06 December 2014, Maputo — International oil companies are requesting the Mozambican government to extend the tender launched in October for 15 hydrocarbon blocks, according to Arsenio Mabote, the chairperson of the National Petroleum Institute (INP).
The licensing round was launched in Maputo and London on 23 October. The fifteen blocks on offer cover an area of 76,800 square kilometres. They are located off the northern coast including the Rovuma Basin, the Zambezi Delta and the area near Angoche, in Nampula province, and onshore around Pande/Temane and Palmeira, in the southern provinces of Inhambane and Maputo.

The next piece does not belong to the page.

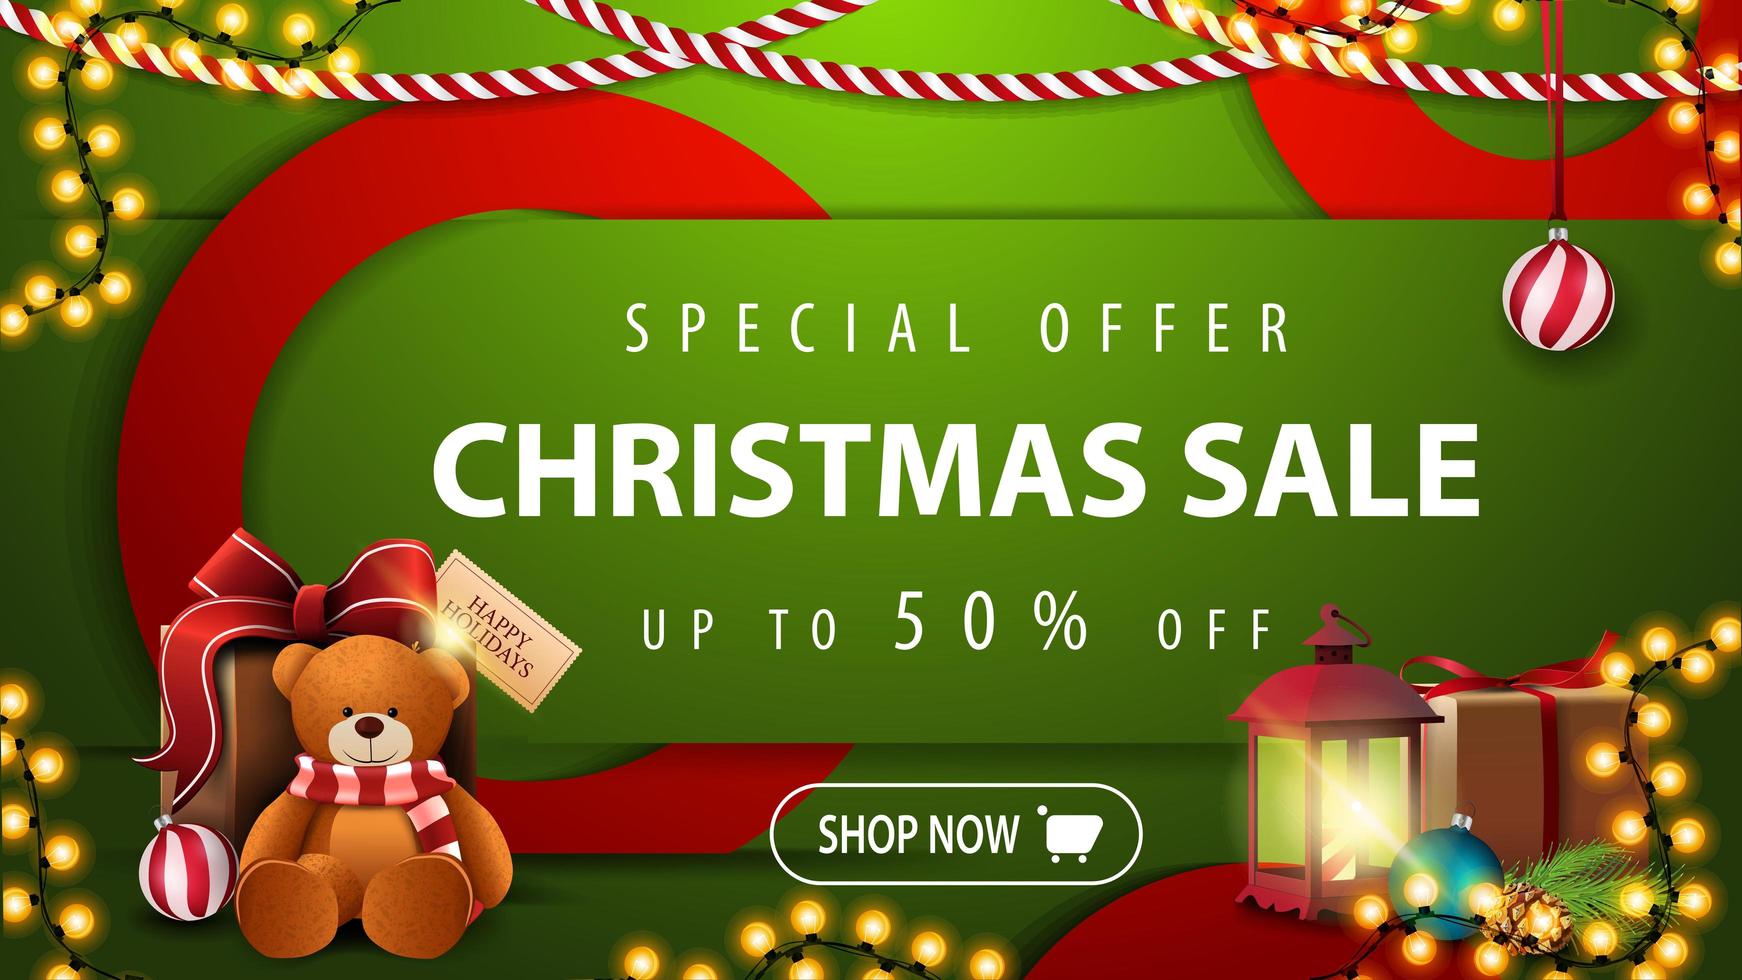 speciale aanbieding, kerstuitverkoop, tot 50 korting, groene heldere horizontale moderne webbanner met knop, grote rode cirkels, antieke lamp en cadeau met teddybeer vector

The bidding will close on 20 January and INP will analyse the offers after a period of clarification. But some of the companies interested in bidding now say they need more time.
Cited in Friday’s issue of the independent weekly “Savana”, Mabote, who was speaking to reporters during an international Gas Summit in Maputo, admitted “in general, companies are used to having six months to prepare their bids. But this time there was a decision by the government that the bids should be submitted by 20 January”.
“We are, in fact, receiving many signs from various investors who want to draw up better technical bids in order to win a position in the various blocks offered”, he added.
Asked why the government had allotted only three months to the tender, Mabote said “this was a decision so that the government might have, as urgently as possible, an idea of who the future investors in these exploration areas will be”.
As for reports that the first production of liquefied natural gas (LNG) from the Rovuma Basin might be delayed for a couple of years, until 2021, Mabote insisted that the government still wants to see the gas flowing by 2018/2019, “although we recognise that negotiating large scale contracts and the fall in the world oil price could have an impact on the entire logistics chain for the LNG project”.
As for falling gas and oil prices, Mabote shrugged this off as a cyclical phenomenon, and he was confident that prices will bounce back.
“We all know that oil prices are cyclical”, he said. “Today prices have dropped by about 30 per cent, but within three or four years they could rise again, maybe by 30 or 40 per cent. This is not a time to sit back and fold our arms, it is time to continue working and put our projects into practice”.
Meanwhile, it seems certain that the Italian energy company ENI, which is the operator of Rovuma Basin Area Four, will proceed with plans for a floating LNG factory.
This technology is untried, and initially the Mozambican government wanted all processing of the gas done onshore, and not at sea.
But it has now yielded to ENI’s request. Contacts for building the floating factory are now being signed. In October, it was announced that ENI has awarded the FEED (Front End Engineering Design) contract to a consortium formed by the Texas-based company KBR and Daewoo of Korea. This will draw up the project for a floating LNG plant moored 50 kilometres from the Mozambican coast.
The director of ENI-Mozambique, Fabrizio Trilli, says the company hopes to export its first LNG in 2019.
ENI has, however, promised the authorities that it will build a power station onshore, in Palma district, and also a GTL (gas-to-liquid) plant, which will transform natural gas into liquid fuels such as diesel. In the GTL project, ENI is in partnership with Mozambique’s National Hydrocarbon Company (ENH) and the South African petro-chemical giant Sasol.
The Mozambican fuel company Petromoc took the opportunity of the gas summit to announce plans to expand its logistics infrastructures to meet the challenges of the future hydrocarbon industries.
Petromoc chairperson Nuno Oliveira told the meeting that the country is working to capitalize all the existing infrastructure so as to ensure that the exploration and production of energy resources is undertaken in a sustainable and continual fashion.
In 2013 alone, he said, Petromoc had invested over 100 million US dollars in various areas, including storage facilities for gas and liquid fuels, development of its chain of filling stations, and a planned asphalt factory.
What is most important, Oliveira argued, is to set up partnerships which can take advantage of the knowledge of other countries and companies so as to avoid the mistakes they may have made in the past, and to ensure that hydrocarbon resources benefit Mozambican communities.
“Everything must be done simultaneously to ensure that, over time, foreign technical staff can be replaced by Mozambicans”, he said.
One of Petromoc’s projects is to expand the storage capacity in the central port of Beira for domestic cooking gas from the current 800 tonnes to 5,800 tonnes, to meet the rising demand for this fuel in Sofala, Manica and Tete provinces.
Five new tanks, each with a capacity to store 1,000 tonnes of gas, will be built, as well as a command room, a system to fill bottles and tanker trucks with the gas, and a gas pipeline. The entire project will cost around 38 million dollars.